September 13, 2007 - Rosh Hashanah Morning 5768
Temple Shalom
A Reform Jewish Congregation
Chevy Chase, Maryland
“I am Jewish,” Explorations of Identity in the Secret Recesses of the Heart
by Rabbi Michael L. Feshbach

This past summer, on Cape Cod, my son Benjamin wanted to return to a restaurant he had found the previous year. It’s one of those places, which, once you’ve been, feels like a familiar friend. It’s a Chatham tradition, an “old-timer’s hangout,” where fishermen stop in on the way to work, where locals linger and talk about the tides, and where Benjamin knew he would get ribbed but not actually roughed up for wearing Yankees regalia—in the heart of the Red Sox nation.

It’s a quirky kind of place. I can still see what the waitress wore. Her tee shirt proclaimed: “Order whatever you want. Eat whatever you get.” And, the screened-in wooden door bears a painted sign that says: “Sorry, We’re Open.”

Openness. And, an image of identity, an abiding, ongoing sense of purpose and place, a knowing who you are—that is what I would like to speak with you about this morning of Rosh Hashanah.

In a Rut

It is the dawn of the Jewish year. But, there were words I heard this past January, when the secular year was young, which remain with me until now. Standing somewhere, waiting for something, background Muzak broke through to consciousness: a song from long ago, but I had never really paid it much mind. This time, though, the lyrics struck me. It was as if I was hearing the song for the very first time.

It’s about a man who is in a rut... and bored. Fed up with life…tired of his wife. “Like a worn-out recording of an old favorite song.” He picks up a paper. His eyes wander to the personal ads. There he sees something so exciting that he replies, responds, anonymously arranges to meet an unknown woman. He sits at the agreed upon spot, he waits in a bar, and in walks the author of the ad—his own wife!

The couple laughs, they seem quite easily reconciled given the moral gravity of the situation, and the husband confesses to his wife: he never knew that... she “liked Pina Coladas, and getting caught in the rain. The feel of the ocean and the taste of champagne. Making love at midnight, in the dunes of the Cape. 'You're the love that I've looked for, come with me, and escape.’”

The couple laughs. But, I was swept away. What a story, crying out from between the lines of a whimsical song. How, how could he have not known… something so basic… so important… about the woman he loves?

My First Scandal

I flash for a moment on another song, half-remembered words from a half-vanished world of idealism and expectation. It was the first scandal whose details I was old enough to follow.

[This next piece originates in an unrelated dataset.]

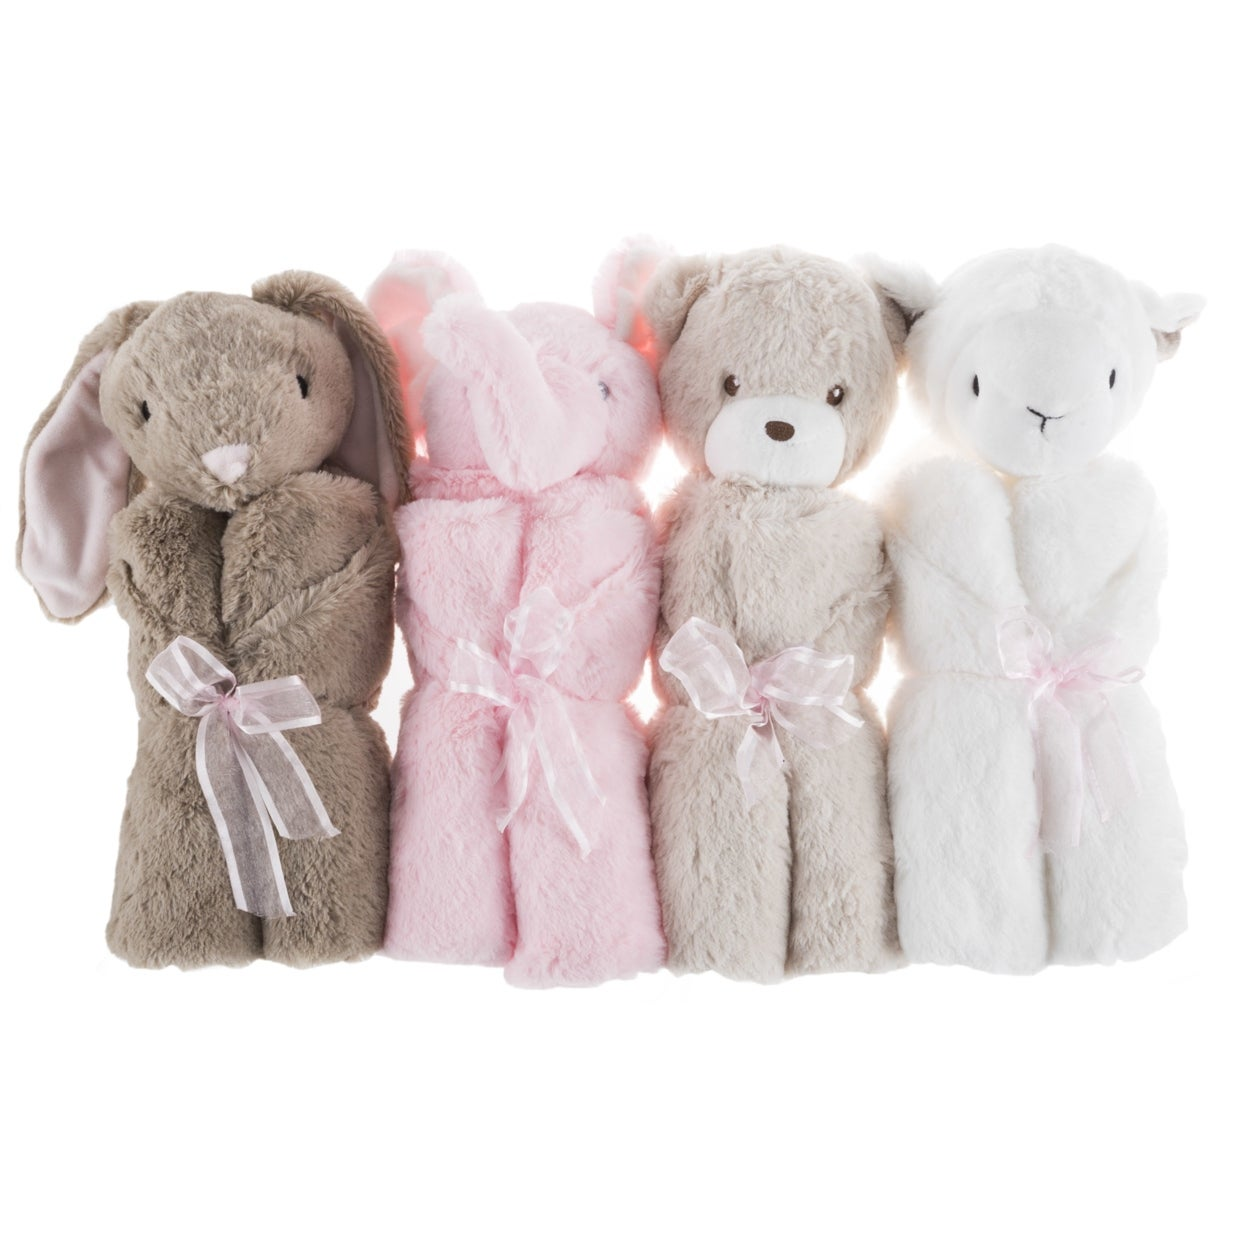 Brown Bunny Rabbit Baby Blanket And Stuffed Animal Toy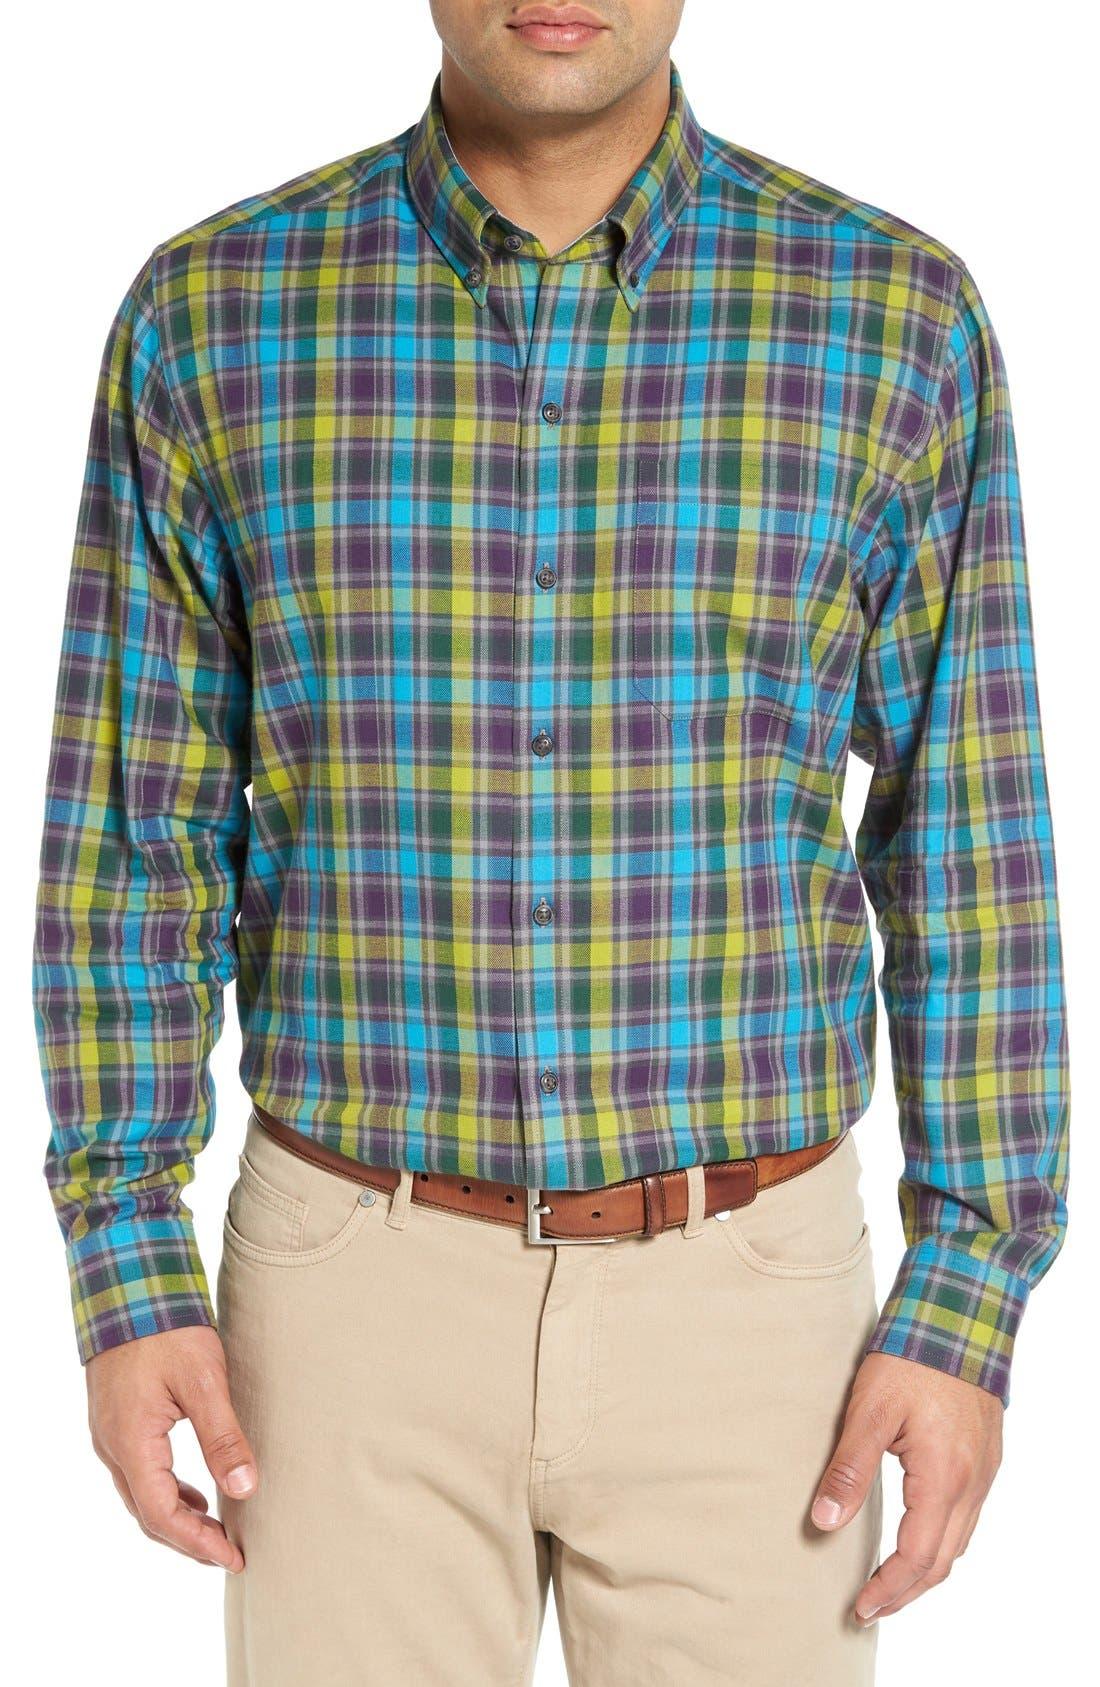 Cutter & Buck 'Timber' Plaid Cotton Twill Sport Shirt (Big & Tall)

[I sent an advance copy of these remarks to a friend of mine in Boston; she commented on how sad it was that we could mark the periods of our lives by the scandals associated with their time frame.]

So, from my first-remembered scandal, from the era of Watergate, political satire, “The Presidential Rag,” by Arlo Guthrie, directed at Richard Nixon.

You said you didn't know,
that the cats with the bugs were there,
and you never go along with that kind of stuff no where,
but that just isn't the point man, that's the wrong wrong way to go,
if you didn't know about that one, well then what else don't you know?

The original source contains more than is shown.